• [INFORMATION PROVIDED]:
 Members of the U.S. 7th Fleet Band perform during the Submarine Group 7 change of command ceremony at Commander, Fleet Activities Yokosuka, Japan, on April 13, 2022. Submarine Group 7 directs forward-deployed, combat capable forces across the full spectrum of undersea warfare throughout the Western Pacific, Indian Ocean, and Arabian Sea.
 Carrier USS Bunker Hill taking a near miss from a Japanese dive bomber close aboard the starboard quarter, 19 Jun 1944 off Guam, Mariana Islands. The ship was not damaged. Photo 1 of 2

--

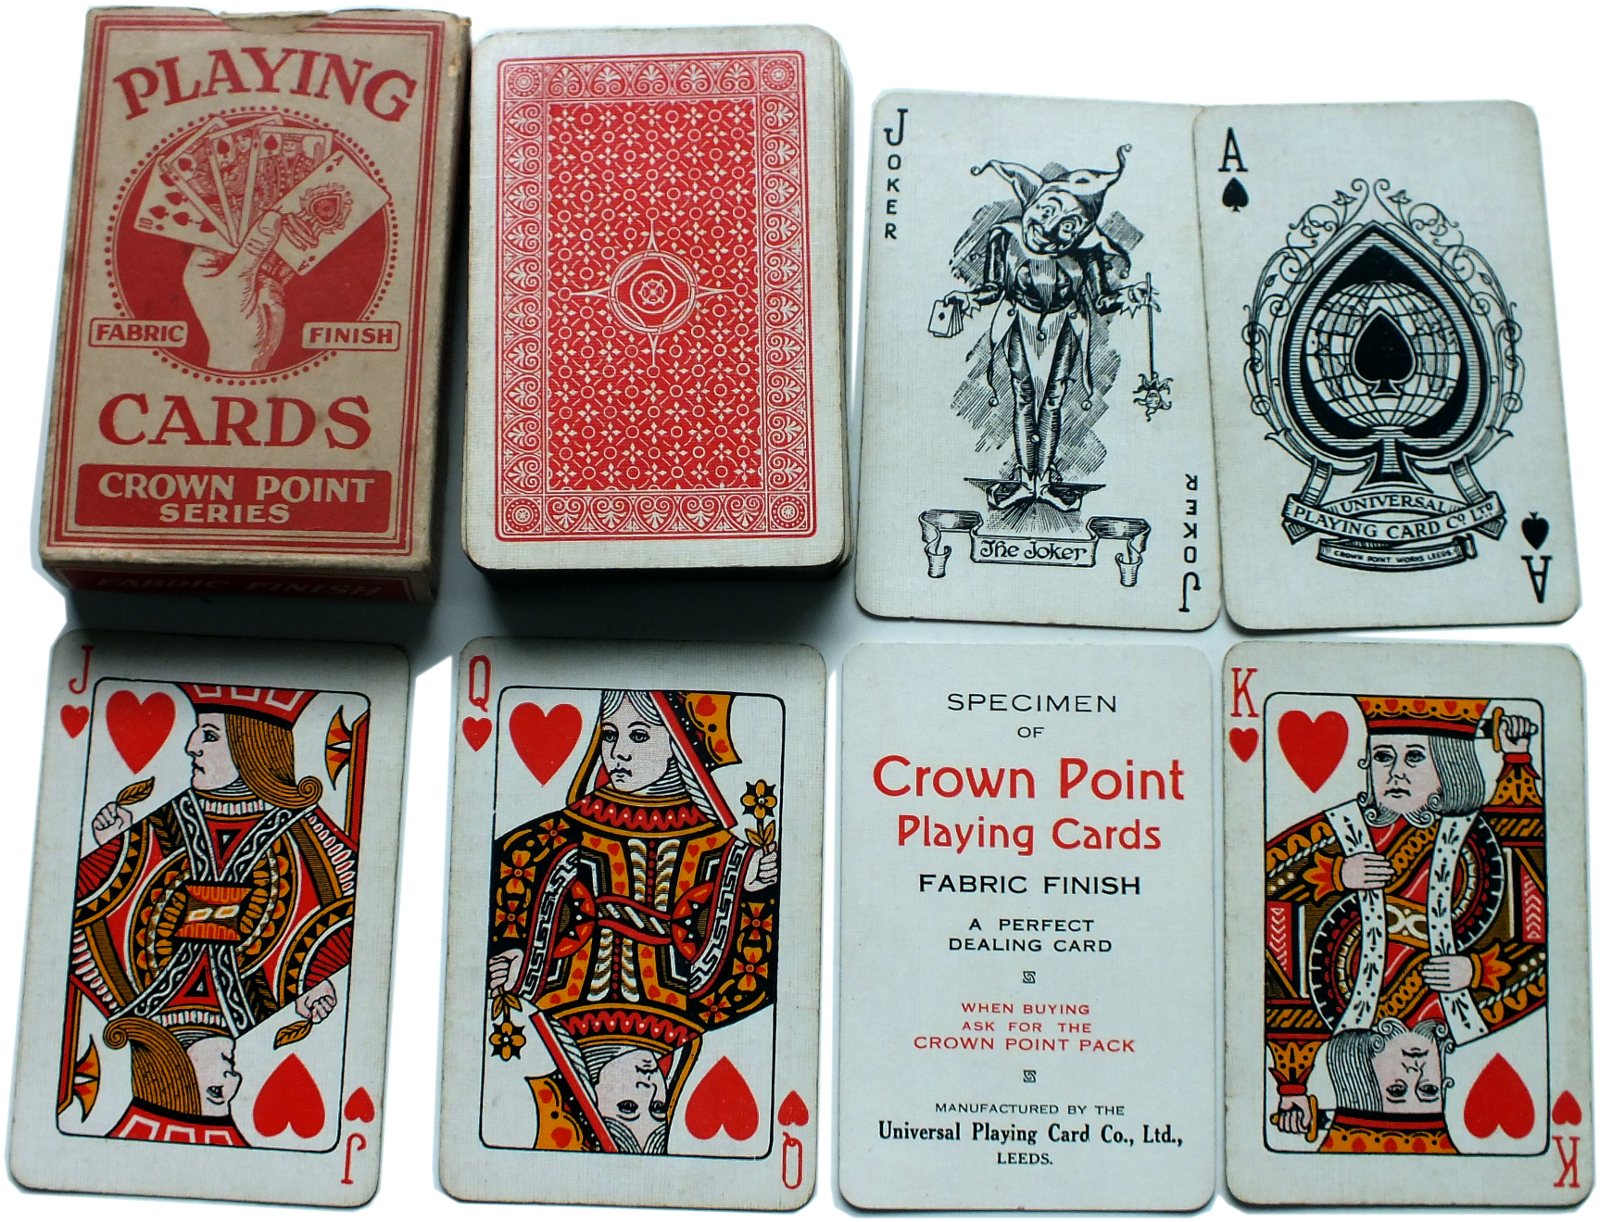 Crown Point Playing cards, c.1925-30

==

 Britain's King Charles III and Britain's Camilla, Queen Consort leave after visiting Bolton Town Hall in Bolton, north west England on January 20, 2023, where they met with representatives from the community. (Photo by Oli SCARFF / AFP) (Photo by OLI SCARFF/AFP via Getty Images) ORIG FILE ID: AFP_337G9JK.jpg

• [WORK INSTRUCTION]:
Every line above that holds the string "from" should be copied into the answer.

• [OUTPUT FOR THIS EXERCISE]:
 Carrier USS Bunker Hill taking a near miss from a Japanese dive bomber close aboard the starboard quarter, 19 Jun 1944 off Guam, Mariana Islands. The ship was not damaged. Photo 1 of 2
 Britain's King Charles III and Britain's Camilla, Queen Consort leave after visiting Bolton Town Hall in Bolton, north west England on January 20, 2023, where they met with representatives from the community. (Photo by Oli SCARFF / AFP) (Photo by OLI SCARFF/AFP via Getty Images) ORIG FILE ID: AFP_337G9JK.jpg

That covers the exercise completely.